I will be vague on the details of the next story from my life and outcome-based faith.
About a year after Sharon’s death, I thought I heard God promising me a provision for a particular need and longing. This was a specific outcome, and I was surprised to have the thought so strongly. I wondered if God wanted to give me an encounter with His provision that would balance out my experience with Sharon’s death….. that this was something that I could trust Him for, a promise where I should practice outcome-based faith and experience Him providing. This idea took on more weight when I was talking to a friend a few days later and he shared that he had recently had a dream about me that was the exact fulfillment of the outcome that I thought I heard from God (which I had not shared with anyone)!
It was not my nature to put a lot of trust in a future outcome promised by God. But it was exciting to anticipate having a story of God making a longing come true in a dramatic way, a testimony about God showing up and meeting a need.
For a while, my life progressed with encouraging signs that the promised outcome was being fulfilled. But then things started to look like it might not happen. Some significant barriers to its fulfillment emerged. I thought, “Here is where I am supposed to practice outcome-based faith, to walk by faith and not by sight. Sure there are some barriers, but God can overcome them and I am supposed to believe that He will. This is not going to be like Sharon’s cancer where God did not intervene.” I even thought that my (unusual for me) trust in the specific outcome was a part of overcoming those barriers.

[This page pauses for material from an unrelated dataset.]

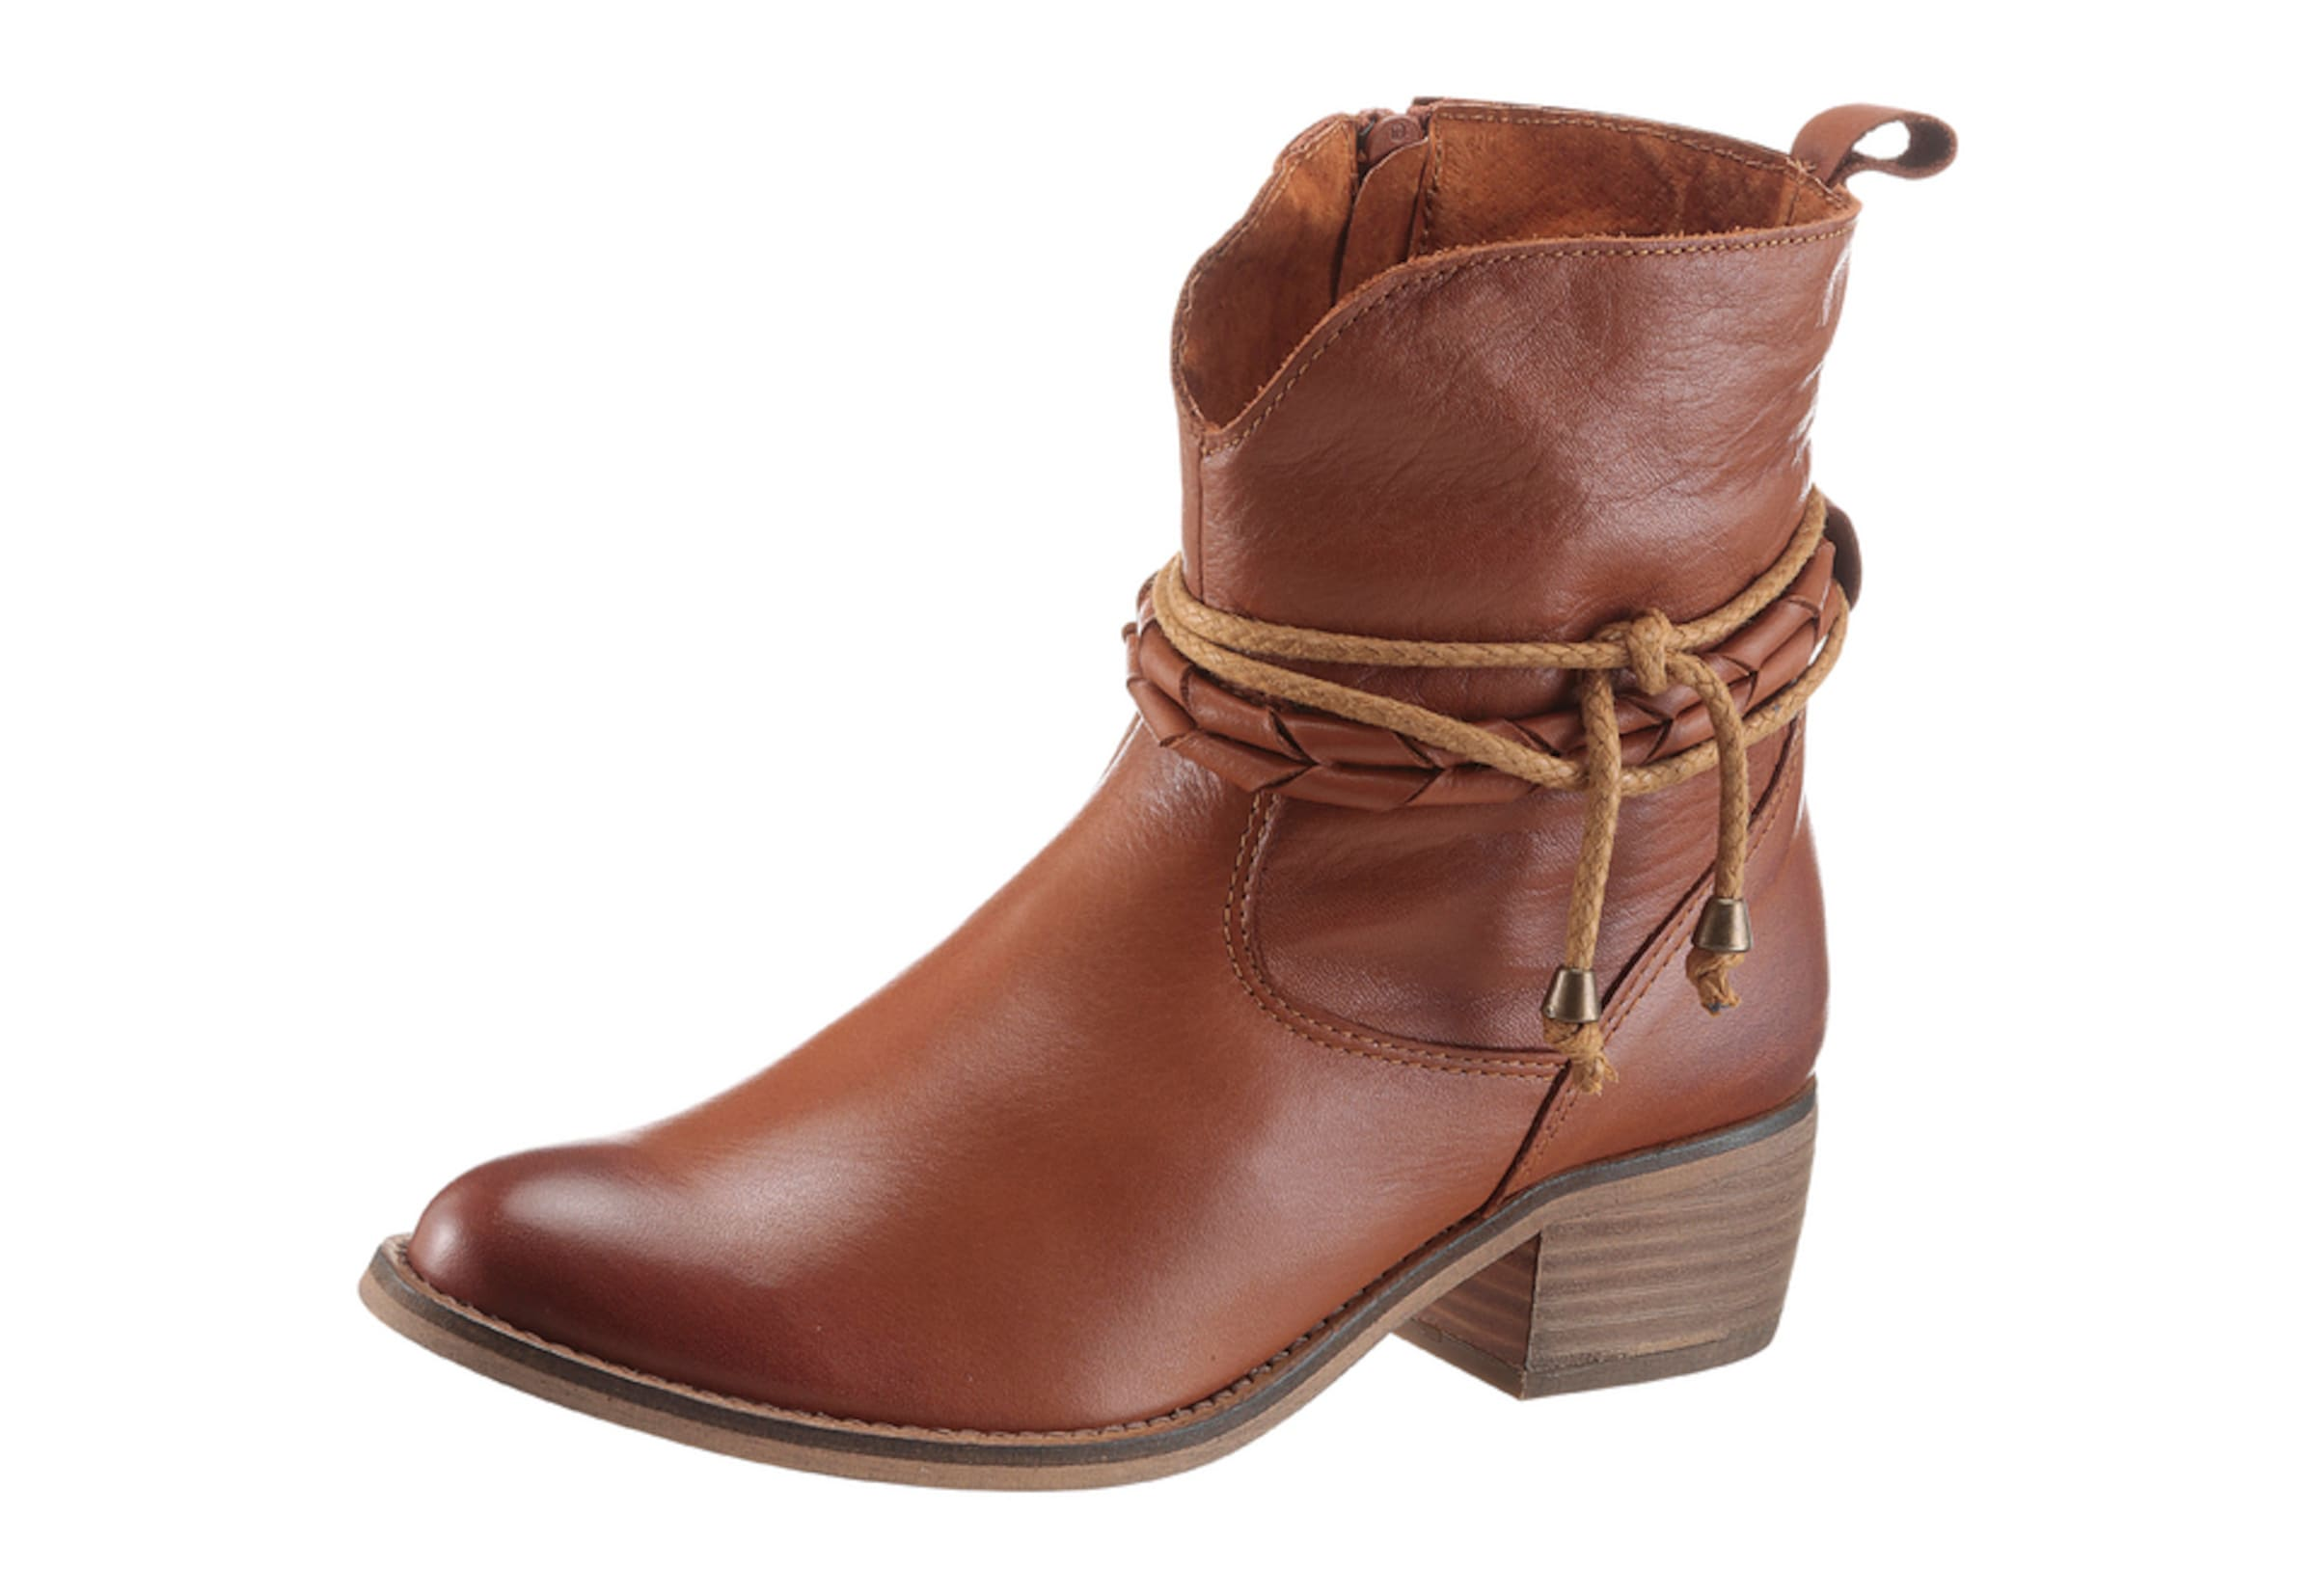 ANDREA CONTI CONTI ANDREA | Trachtenstiefelette mit Zierbänder Schuhe Gut getragene Schuhe d8de6b

But the outcome did not happen, and I suffered more disappointment because of my practice of outcome-based faith. Worse, I felt like others were hurt because of my determination to walk by faith and not by sight for the outcome. If I had not adopted that approach, I would not have pursued the outcome as long in the face of the barriers and I would have spared myself and others some heartache. And part of that heartache for me was that the experience that I thought would be healing ended up having the opposite effect. It opened up wounds from Sharon’s cancer about feeling like I could not look to God to intervene and change the trajectory of how things would turn out.
So the story that I thought was going to balance my aversion to outcome-based faith from Sharon’s death ended up reinforcing the idea that outcome-based faith is a bad idea. All this explains why I balk when I hear teaching that encourages Christians to have faith for certain outcomes in their work and businesses. This feels like very shaky ground to me. I know that there are testimonies of this type of faith working out, and those stories are told with the teaching. But there are also stories like mine where an outcome-based faith can be damaging, bringing not only deep disappointment and disillusionment but harm. Imagine business plans based on a promised outcome that does not happen. This could lead to business loss resulting in layoffs or even bankruptcy.